Day four - it's quite amazing how little of some parts of our house are left, but I gather it's much quicker to demolish than rebuild.
Some backstory.
We saw this house back in the spring of last year. It was a probate sale; a very old lady had died, and the executors had all the local agents round to value it. At the time, a well-known-national-chain were opening up in our area and offering a 0% fees promotion, to get properties on their books.
Now, this well-known-national-chain already have a reputation for over-valuing, and were pretty clueless about the area anyway, as they had no local knowledge, and this was actually buggering up our property search because (a) loads of people thought they would get 30% more for their house because well-known-national-chain had told them and (b) the 0% deal brought out of the woodwork dozens of not-serious sellers who were having a punt. I cannot tell you about the energy we wasted on a (not as nice house on a main road) because the guy kept saying he was moving to Scotland tomorrow but actually, still lives there and I suspect never intended to sell.
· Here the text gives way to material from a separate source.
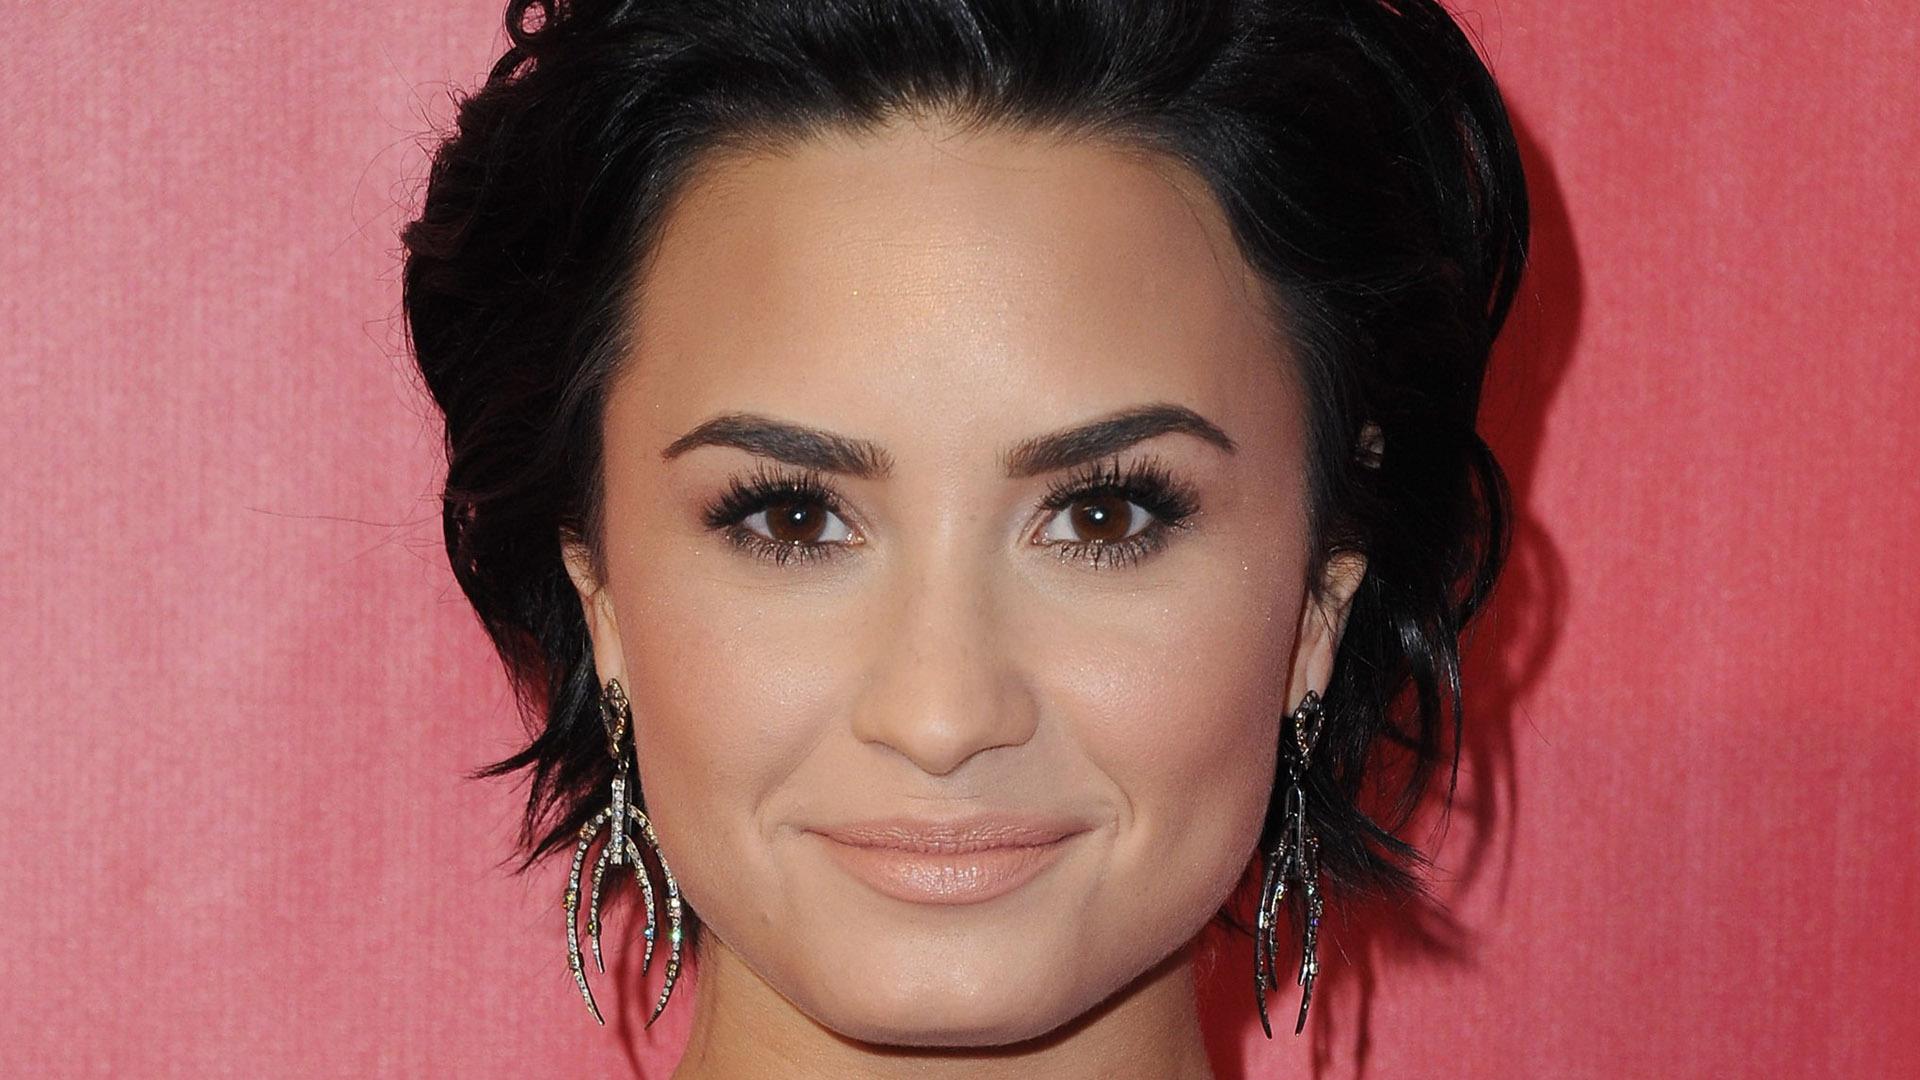 Demi Lovato Short Hd Background

So no surprise that the well-known-national-chain got the property, and promptly put it on the market at 35% more than its true value. A local agent, K, who is honest and lovely, actually called me and told me this was "our house" - he wouldn't get it because of the 0% deal, but we should definitely go and have a look.
We ummed and ahhed, because it was a major project. Round plugs, no kitchen save for a fifties enamel sink, loads of period detail, sure, but way more work than we'd thought we might do. We were in a move-in-and-do-it-up-as-you-go-along mode - and this house you couldn't live in, and certainly not with a two year old, as the electrics sizzled when you turned them on.
But we needed to buy a house, and while it wasn't perfect it was in the totally right place - location, location, location, as they always say - so I talked to a couple of builders, found out quite how much it would cost to get it back to a family home, and we put in an offer reflecting that. Our plan was a sensitive renovation - keeping all the walls bar one (knocking the kitchen into the back kitchen to make one long narrow kitchen rather than two short narrow ones).
I remember the micro-estate-agent who was honestly about seventeen who showed me round the first time. He screeched up in his faux-cool-car and walked up the steps in his shiny shoes, and opened the front door, stood in the hall, expansively waved his hands around and said "I'd just knock down all the walls, and make it into one big room. Very modern, very now. And the light." The house is north facing.
But I humoured him, and we agreed a price after a bit of toing and froing, and we were kinda excited but not totally sure, and then the agent started pushing up the price because a developer was interested, and eventually we had to walk away.
Some months later, it's back on the market. The day before exchange, the develop apparently tried to chip the price by £50k and the whole thing fell apart.
We looked at it again, and this time were slightly more desparate to find a house after nearly three years of looking, and agreed a new (slightly lower) price. We actually had our offer accepted, ironically, the day we moved into our rented house (or as Zaphod calls it, our current house) and somehow, already moving to a rental made it easier to make the decision to take on a mammoth renovation. We were happy. We might even exchange before we got married.
In the end, we exchanged the week after the wedding, with completion scheduled for three weeks later. Exchange was delayed because I was totally anal about the insurance, and carrying on with the same insurer. The agent had mentioned that the water was off (the house had been empty for a year by then, so it should be), but I booked my plumber to come and check and drain the water tank the day we were completing. I mean, it wasn't ours at exchange, so we couldn't do that. Oh, how I wish I'd asked my lawyer to double-check the water was off, but hey, you always know more in hindsight.
AND IF THERE'S ANY LESSON TO THIS - if you're buying an empty house, make sure the water tank is drained before contract exchange.
A week after exchange I got a call from a neighbour who told me she'd heard there'd been a flood in our house. Except, it wasn't quite ours, and it wasn't quite theirs.